WORK ITEM » Output, word for word and without pictures, the lines from the one containing "Matt Arthur Elementary School" through the final line of the listing below.

DATA EXCERPT »
====================
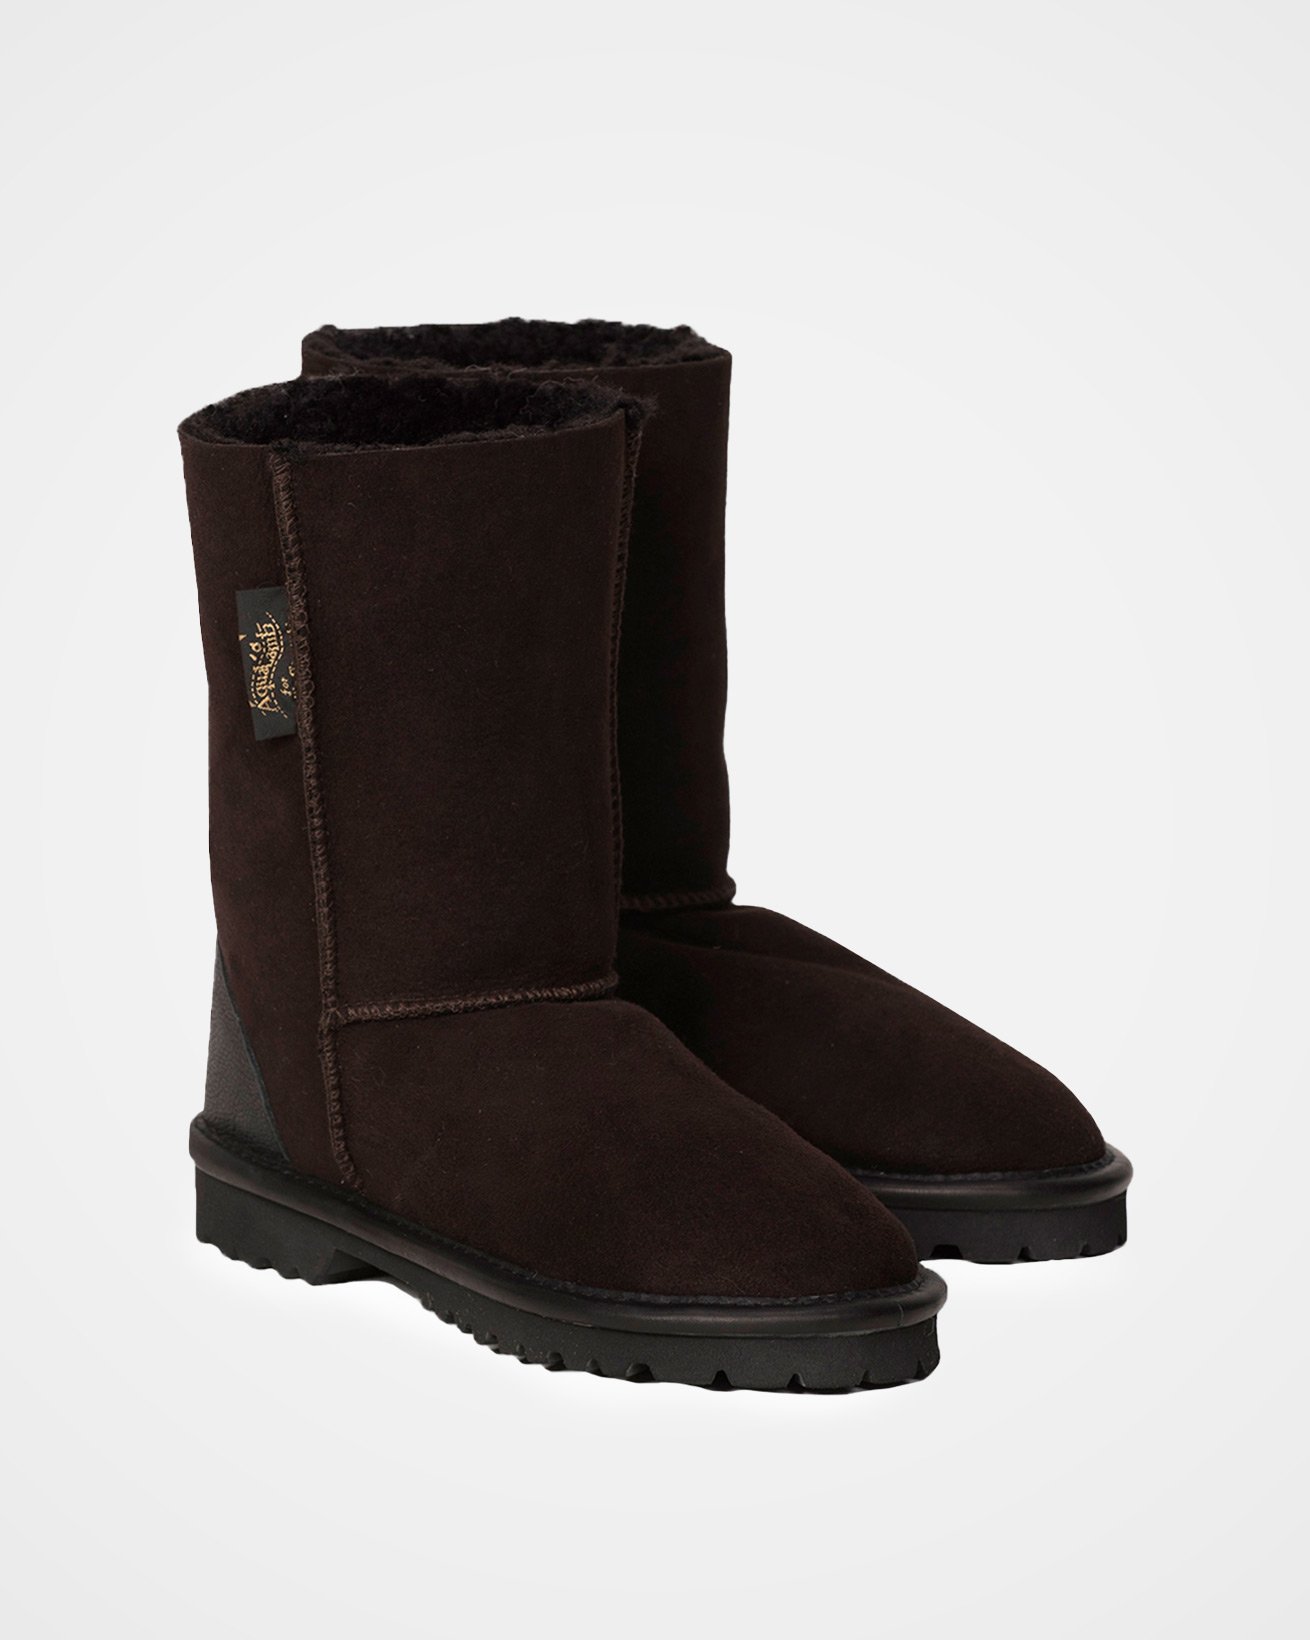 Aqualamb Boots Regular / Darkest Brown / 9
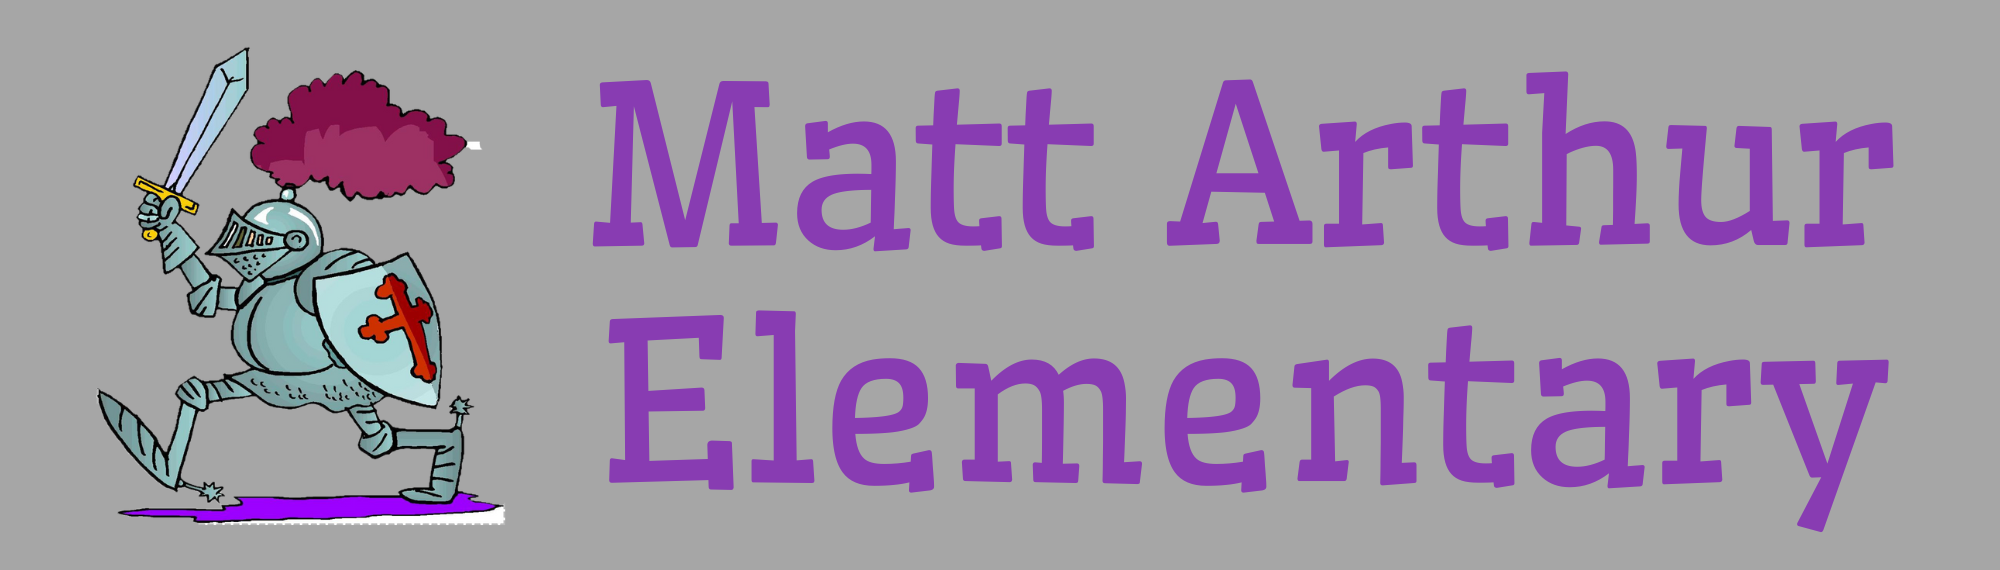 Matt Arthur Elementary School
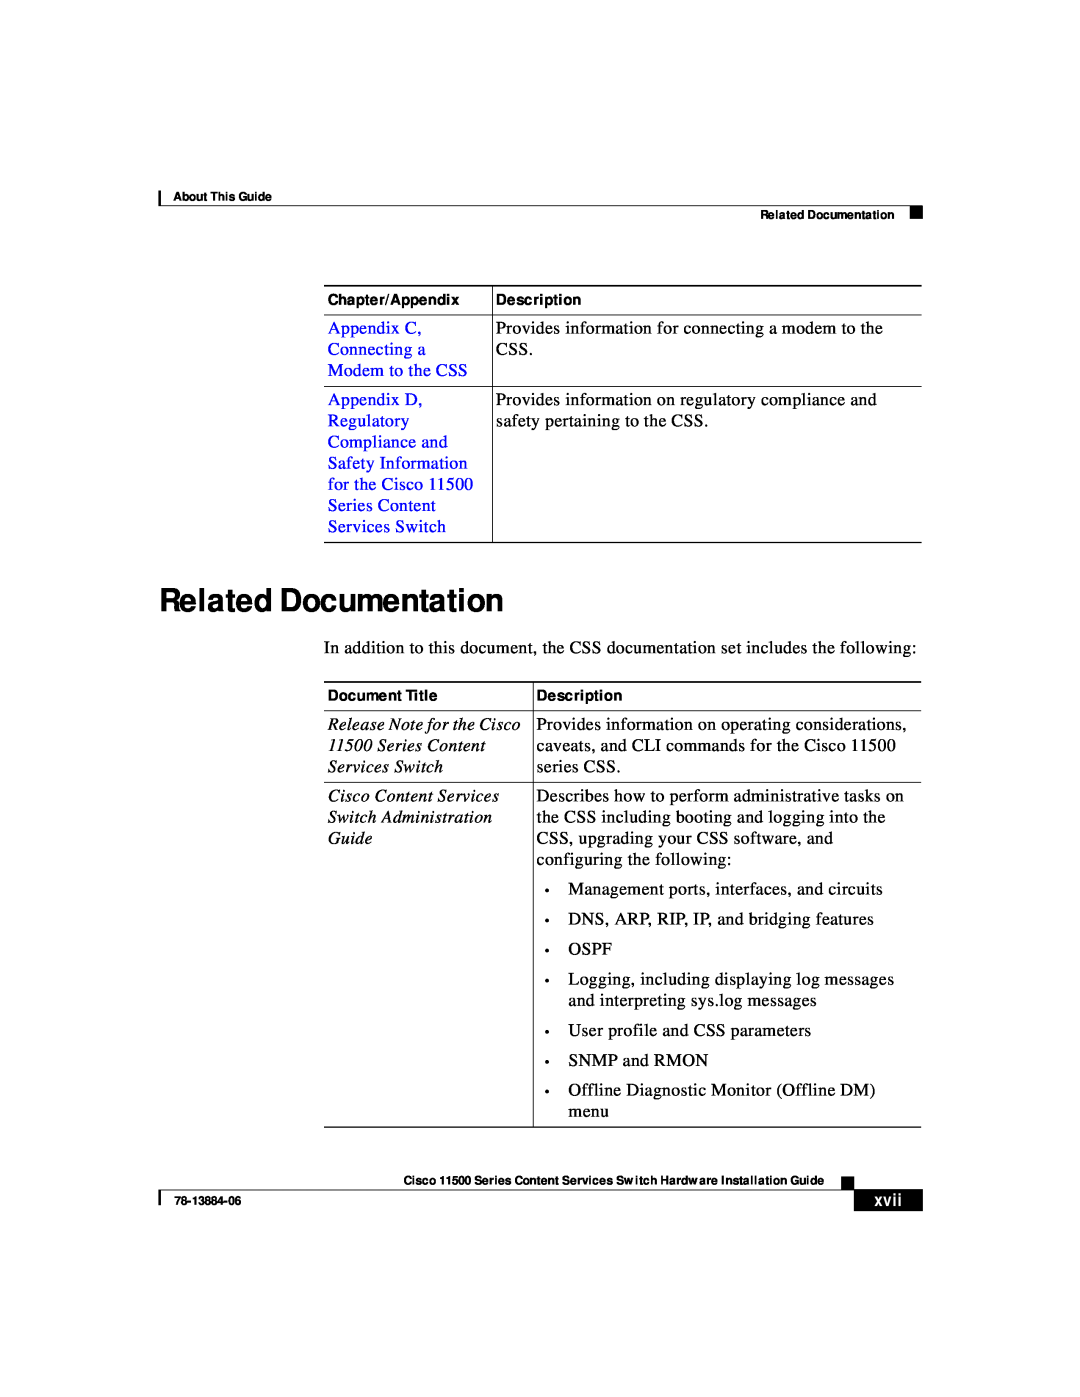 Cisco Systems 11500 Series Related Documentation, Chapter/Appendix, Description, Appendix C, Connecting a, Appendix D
====================
TASK ANSWER »
 Matt Arthur Elementary School
 Cisco Systems 11500 Series Related Documentation, Chapter/Appendix, Description, Appendix C, Connecting a, Appendix D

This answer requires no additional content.